__Given data__.
******************************
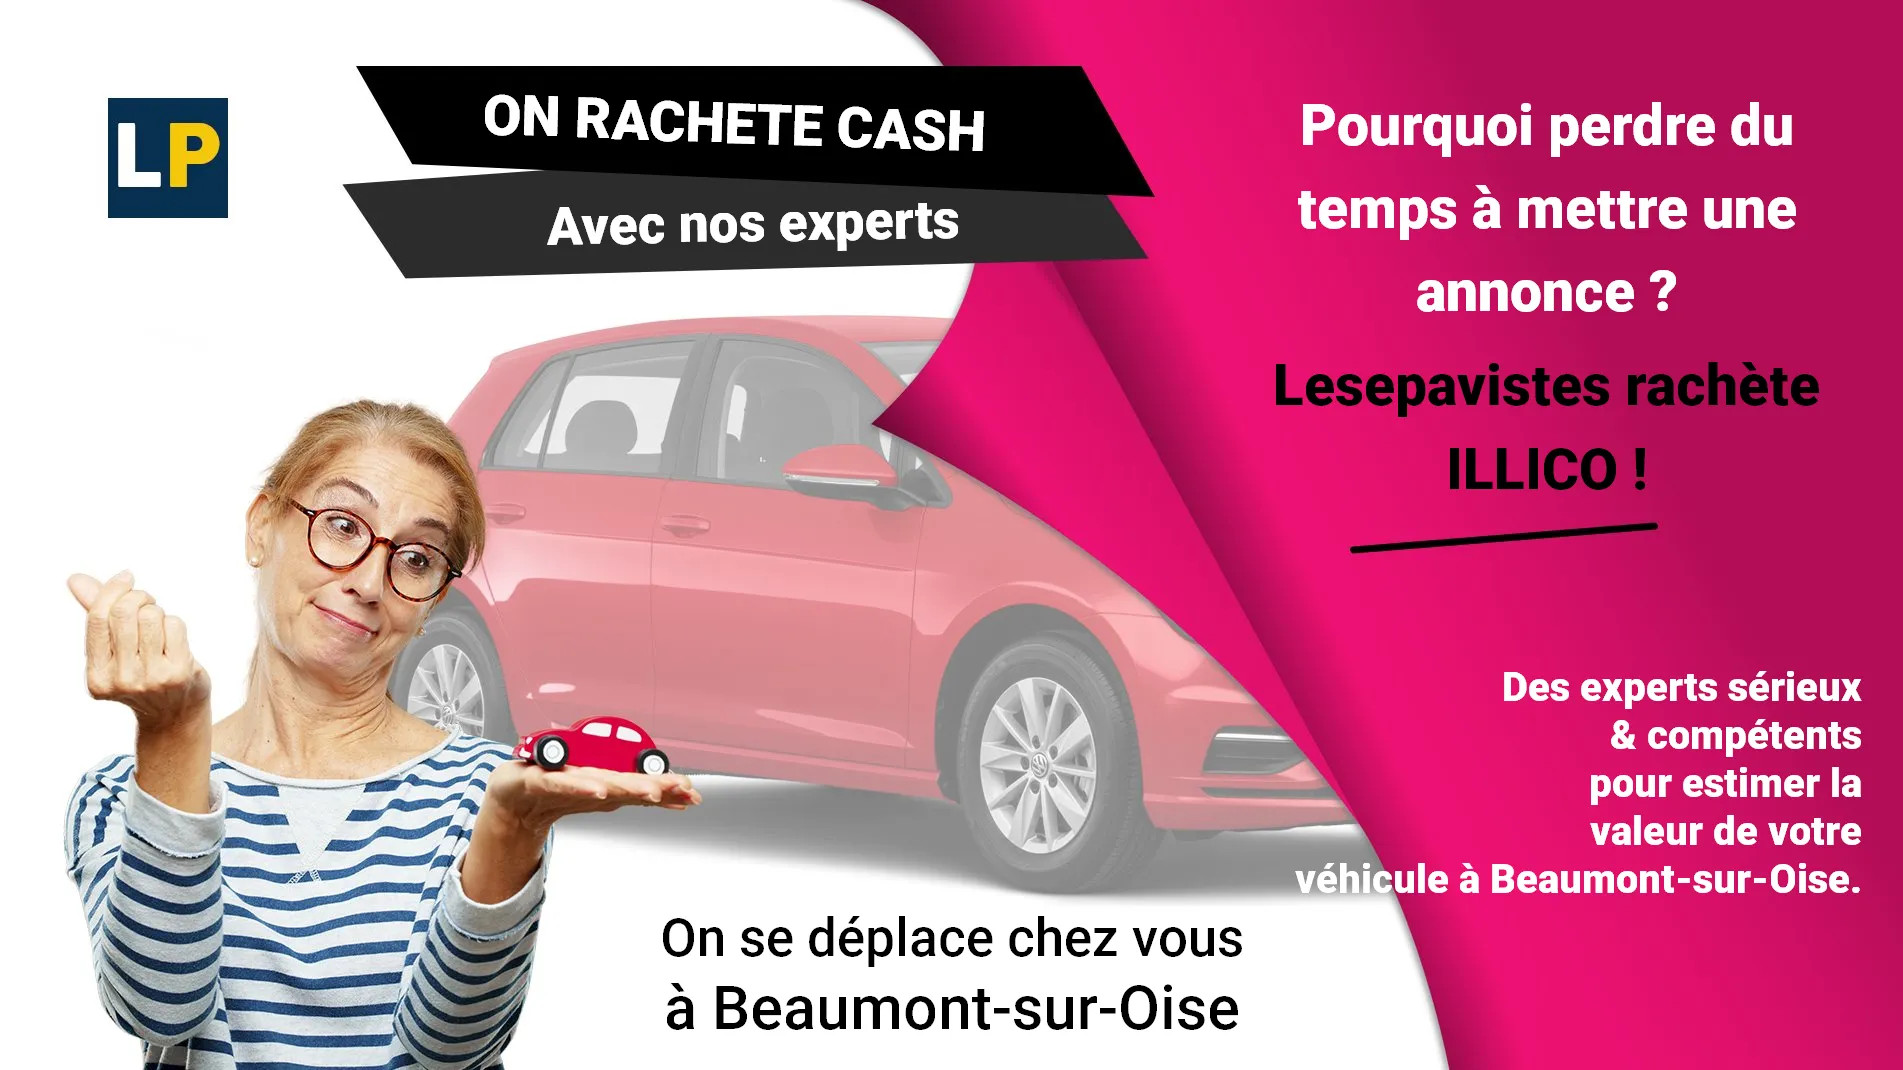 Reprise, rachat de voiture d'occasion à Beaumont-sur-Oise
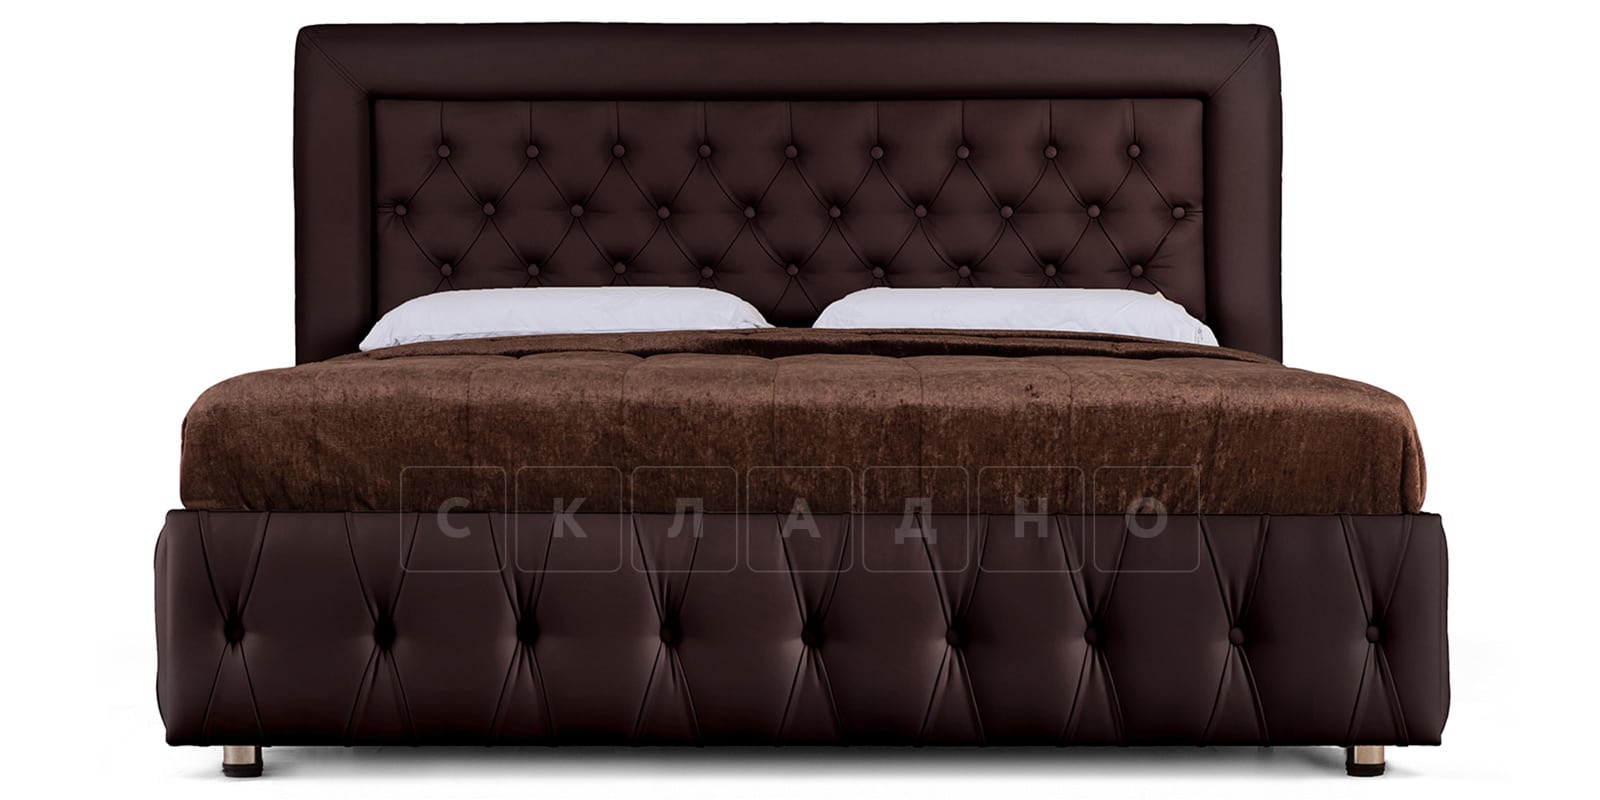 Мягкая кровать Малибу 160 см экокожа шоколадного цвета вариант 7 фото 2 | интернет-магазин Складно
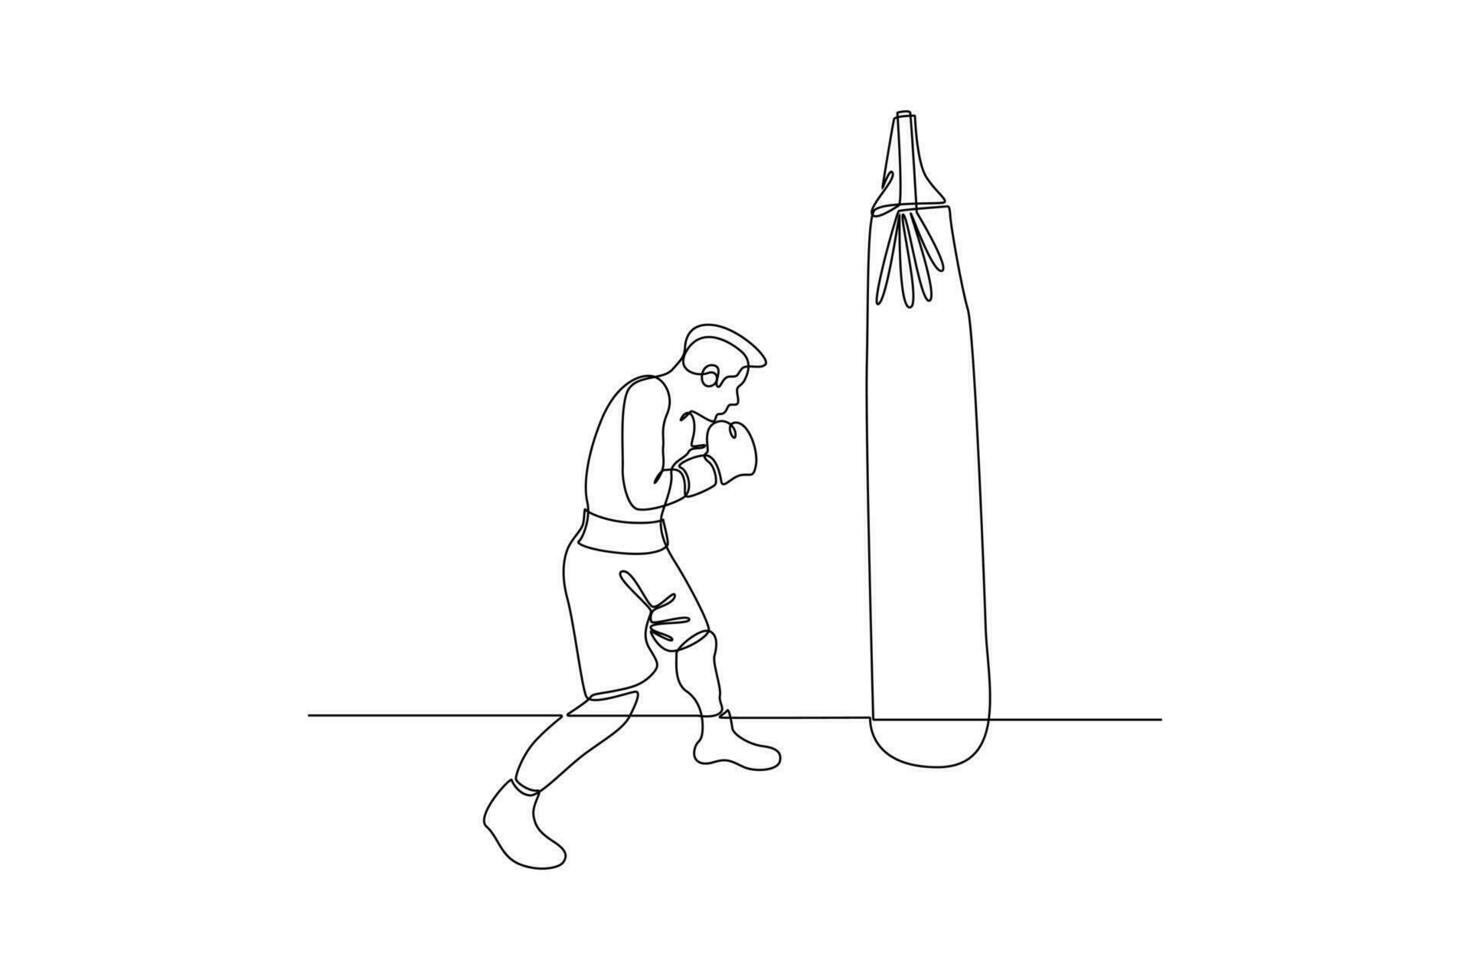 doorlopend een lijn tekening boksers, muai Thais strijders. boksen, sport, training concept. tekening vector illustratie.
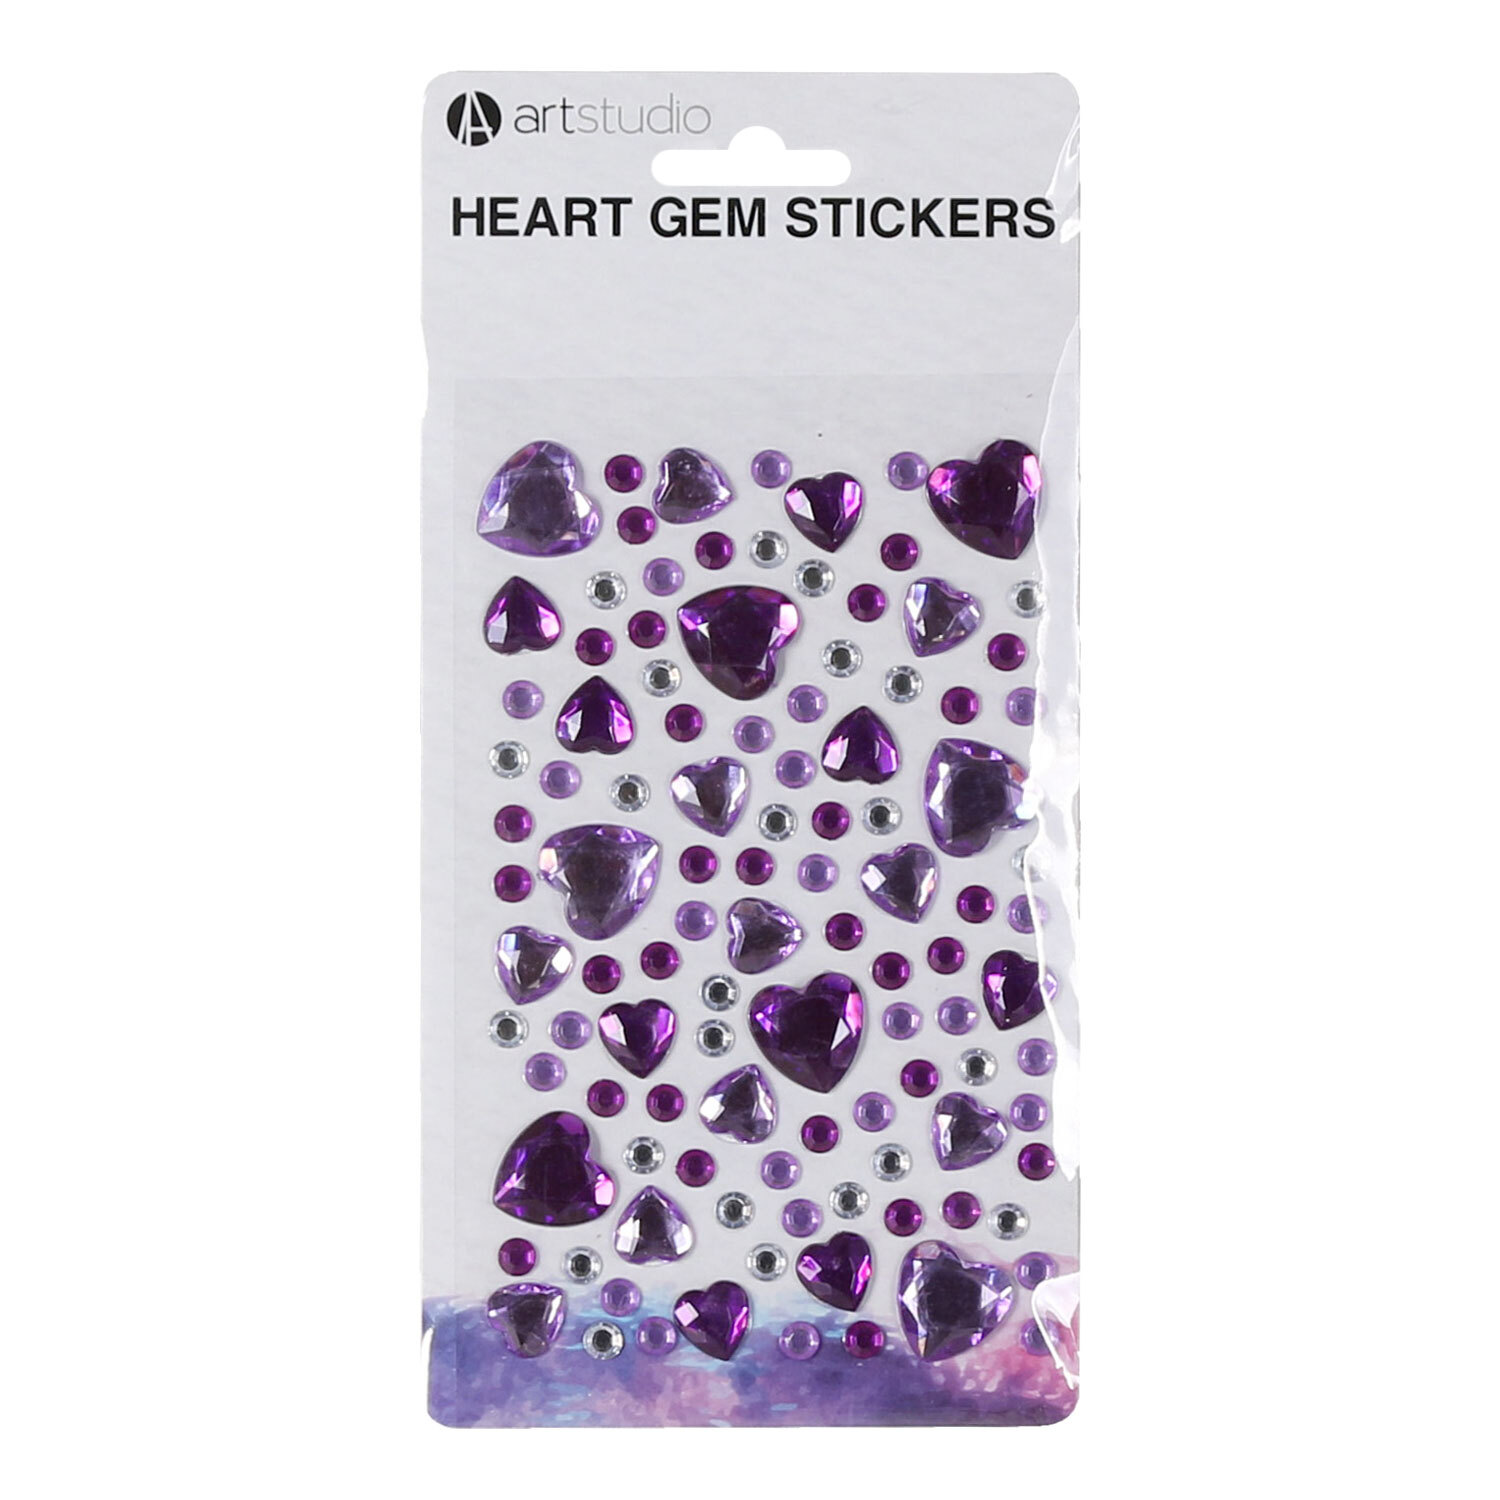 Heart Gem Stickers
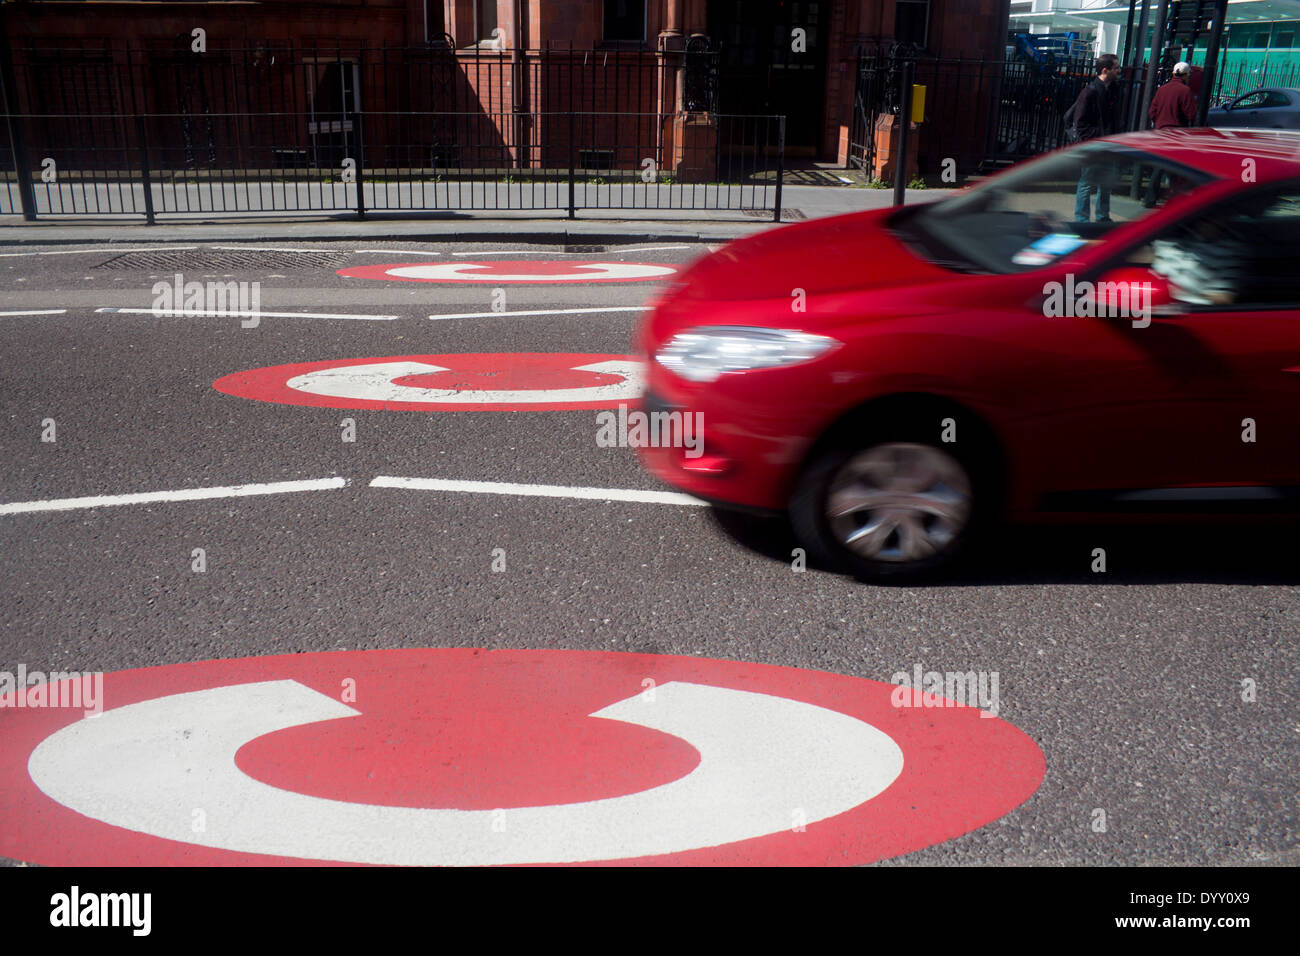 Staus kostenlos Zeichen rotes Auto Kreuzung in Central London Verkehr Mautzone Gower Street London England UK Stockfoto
******************************
__Assigned task__. Write out, exactly and with nothing added, every line from the one that holds "Heart Gem Stickers" to the end of the entries above; pictures stay out.

__Written answer__.
 Heart Gem Stickers
 Staus kostenlos Zeichen rotes Auto Kreuzung in Central London Verkehr Mautzone Gower Street London England UK Stockfoto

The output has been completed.